《 ENAM 》

70 8 5
                                    

Chapter 6

Terima kasih atas penawarannya dan sekarang aku sudah mengerti bagaimana rasanya bahagia

-Mentari-

》》》♡《《《

Perjalanan bersama Radit yang biasanya hanya hening kali ini tidak. Perjalanan tadi sedikit terisi beberapa pembicaraan dan terkadang juga tawa. Aku dan Radit sudah tidak secanggung dulu lagi. Meskipun Radit masih saja bertingkah ataupun berbicara yang menurutku menyebalkan.

Kami sudah sampai di depan rumahku. Mobil Radit masuk ke dalam halaman rumahku yang gerbangnya sudah di bukakan oleh Bi Yun.

"Dit, masuk dulu, yuk!" ajakku dan tidak ada penolakan dari Radit. kami turun dari mobil dan langsung masuk ke dalam rumah.

"Duduk dulu, Dit," Radit akhirnya duduk di sofa ruang tamu.

"Kamu mau minum apa?" tanyaku menawarinya minum.

"Nggak usah. Nggak lama." tolak Radit.

"Nggak papa.
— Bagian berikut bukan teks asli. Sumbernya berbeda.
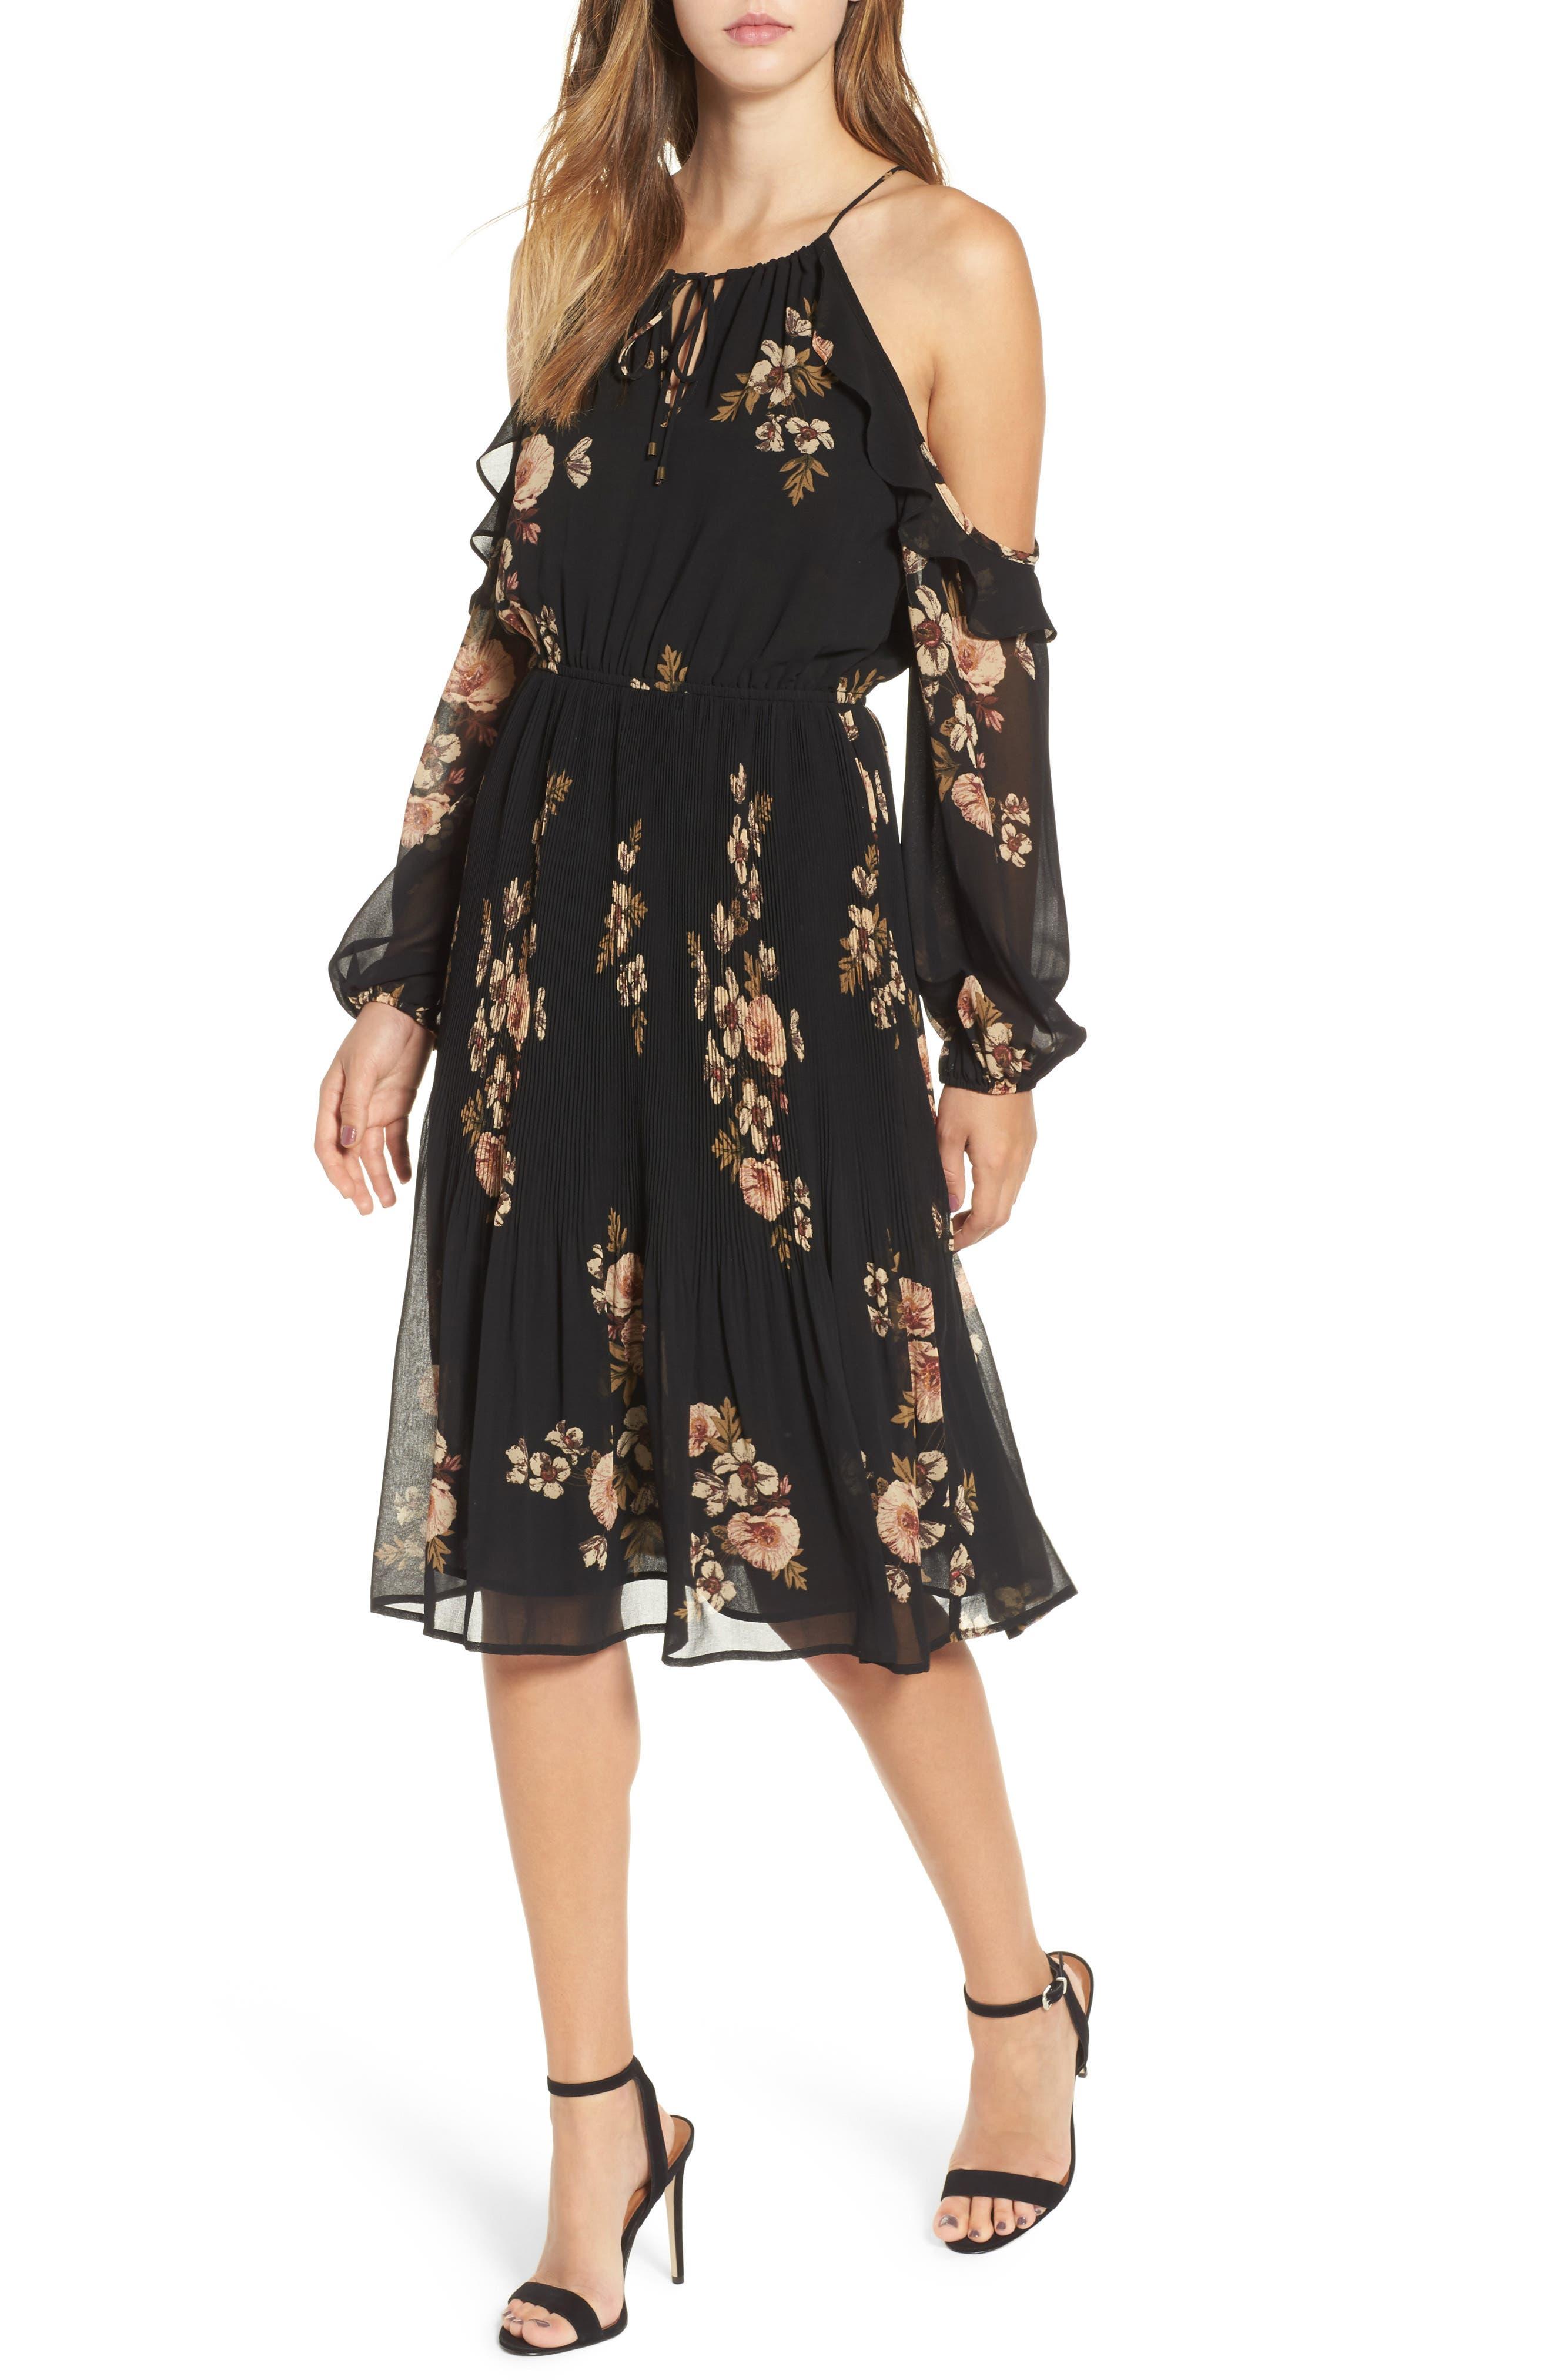 Main Image - ASTR the Label Persephone Cold Shoulder Dress

Buat ucapan terima kasih dari aku."

"Air putih aja."

"Serius? Disini ada jus kok, ada kopi, teh, sama sirup juga."

Radit menatapku datar mendengar ucapanku. "Kalo semuanya ada berarti air putih juga ada."

"Emang ada, siapa bilang nggak ada."

"Lo barusan." Radit berhasil membalikkan ucapanku.

Ingin rasanya aku mencampuri air putih itu dengan sianida. Atau sedikit campuran micin juga bagus sebenarnya. Supaya otaknya yang berisi kalimat-kalimat menyebalkan itu berganti dengan kalimat-kalimat kids jaman now.

Aku kembali dengan segelas air putih ditanganku. Tenang saja, aku tidak mencampurnya dengan sianida ataupun micin. Aku tidak mau dituduh sebagai pelaku percobaan pembunuhan.

"Ini minumnya. Aku naik dulu ambil baju kamu," pamitku setelah meletakkan gelas air putih tadi diatas meja di depan Radit.

Setelah mengambil baju olahraga Radit aku turun. Disana terlihat Radit sedang memainkan ponselnya. Aku duduk diseberangnya dan memberikan baju olahraga itu.

"Nih, makasih udah minjemin."

"Sama-sama," ucap Radit.

Tunggu. Aku tidak menyangka Radit bisa mengatakan kata itu. Membayangkannya saja tidak pernah, tapi kali ini dia mengatakannya secara langsung. Wow! Keajaiban seorang badboy.

"Tumben kamu bilang 'sama-sama'," ejekku yang baru kali ini mendengar kata-kata itu dari mulut seorang Radit.

"Emang kenapa? Sirik aja lo," aku melihat raut kesal itu lagi dari wajah Radit.

"Muka kamu kalau lagi kesel nggemesin, deh," ucapku.

"Ketahuan lo ngeliatin muka gue dari tadi."

Wait! Kenapa malah dia memojokkanku? Tapi dia tidak salah. Memang sejak tadi aku memperhatikan wajahnya. Dan ternyata dia tahu atau dia hanya menebak dan tebakannya itu benar.

"Apaan sih! Ge-er," sejujurnya aku malu saat ini dan pasti wajahku sudah seperti kepiting rebus yang warnanya merah karena rasanya panas sekali.

"Gue yang ge-er apa lo yang baper?" tanyanya menggodaku, tapi nadanya tetap datar. Dia ini memang menyebalkan. Sangat sangat menyebalkan.

"Aku nggak baper ya, nggak usah sok tau, deh."

"Nggak mungkin lo nggak baper, orang lo blushing gitu."